Due to the type of aggregate queries that typify analytics workloads, almost everything turns into a scan, whether it be of the a table, field, or index. Strings occupy more space on disk, or in RAM, so scanning a whole column or table simply takes longer, because you have to shovel more bytes through the CPU. This doesn't even take into account the relative CPU time to actually do the comparisons.
I've never personally worked with a system that has string keys shorter than 10 [1][2] characters. At that point, regardless of how you pack characters into a register, you're occupying more bits with two strings of character data than you would with two 64-bit integers[3]. This shows through in join time.
[0]: Even modestly sized companies tend to have at least a few tables that get into the millions of records.
[1]: I've heard of systems with shorter string keys
[2]: Most systems with string keys I've encountered have more than 10 characters.
[3]: The vast majority of systems I've seen since the mid-2010s use 64-bit integers for keys for analytics. 32-bit integers seemed to phase out for new systems I've seen since ~2015, but were more common prior to that.

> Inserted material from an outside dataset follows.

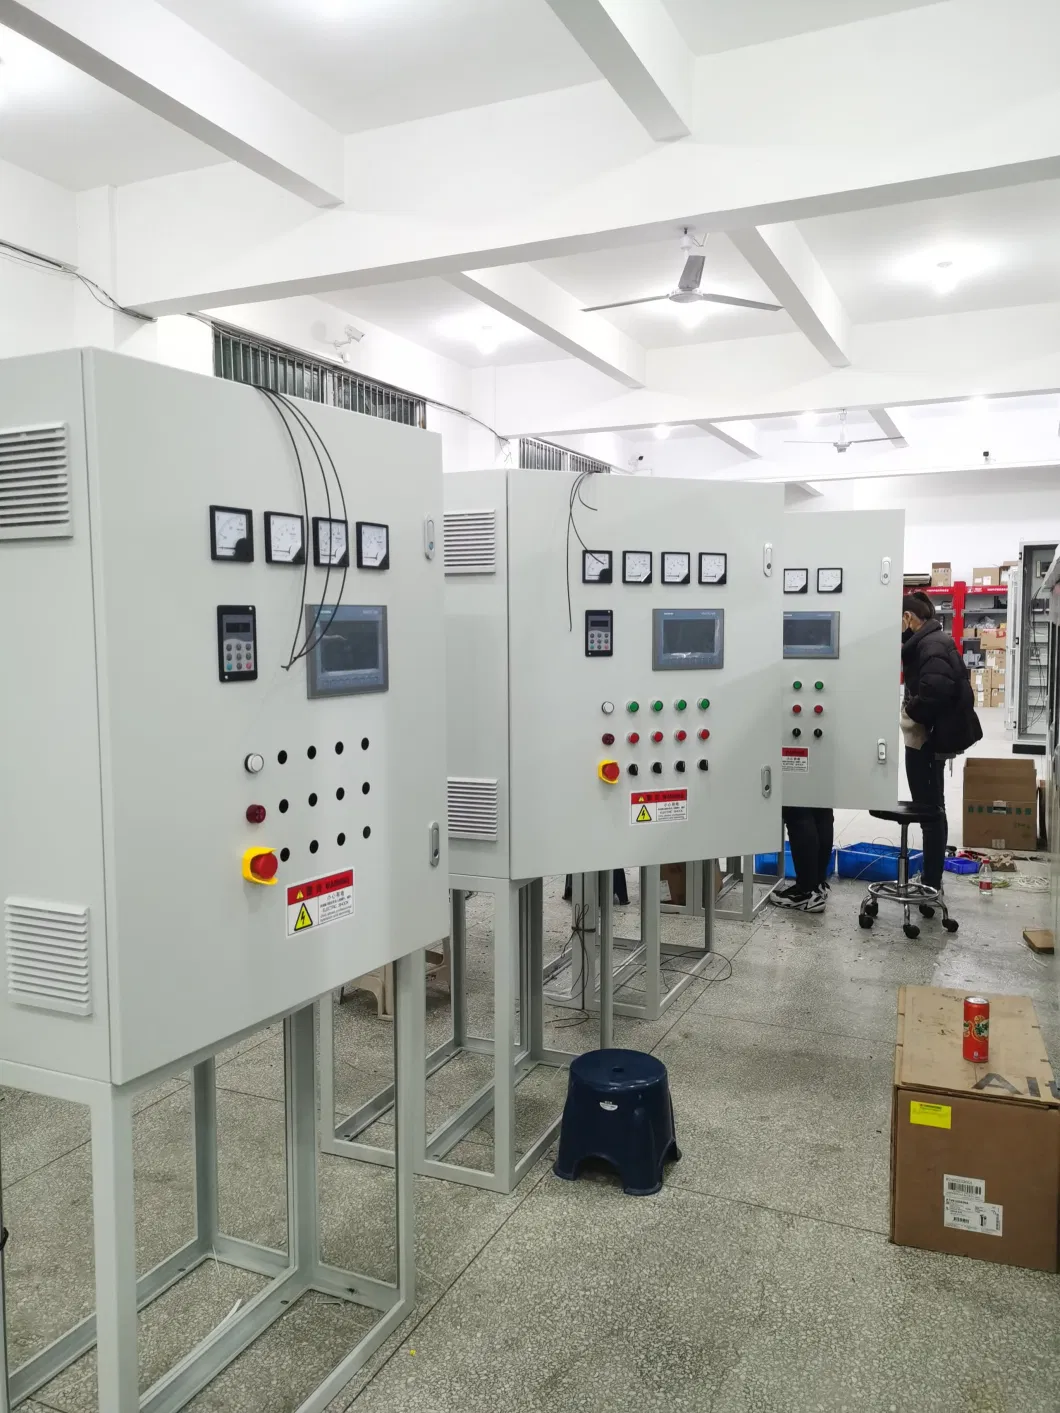 As8 Customized Distribution Box OEM Mall Power Distribution Equipment

Don't most databases set a length limit on ID strings?
If you're setting a length limit, and it's made out of digits with no leading zeroes, then you might as well store it as a number. Is there a downside?
A numeric identity is an identity and so is a string.
If you want to math it, it is a number, otherwise... string.
"Will you ever want the 95th percentile PID? Then it is not a number. Move on."
If you need to do math with the thing, use an appropriate type of number, of course.
If you're using 64 bit numbers as a high cardinality identity that can be randomly generated without concern for collision (like a MAC address with more noise) -- well, that's an identity and doesn't need to have math applied to it. For example: "What's the mean IP address that's connected to cloudflare in the last 10 minutes" or "what's the sum of every mac address in this subnet?" are both nonsense properties because these "numbers" are identities not numbers, and using a data type that treats them as numbers invites surprising, sometimes unpleasantly so, results.
Of course, because these are computers, all strings are ultimately numbers but their numberness is without real meaning.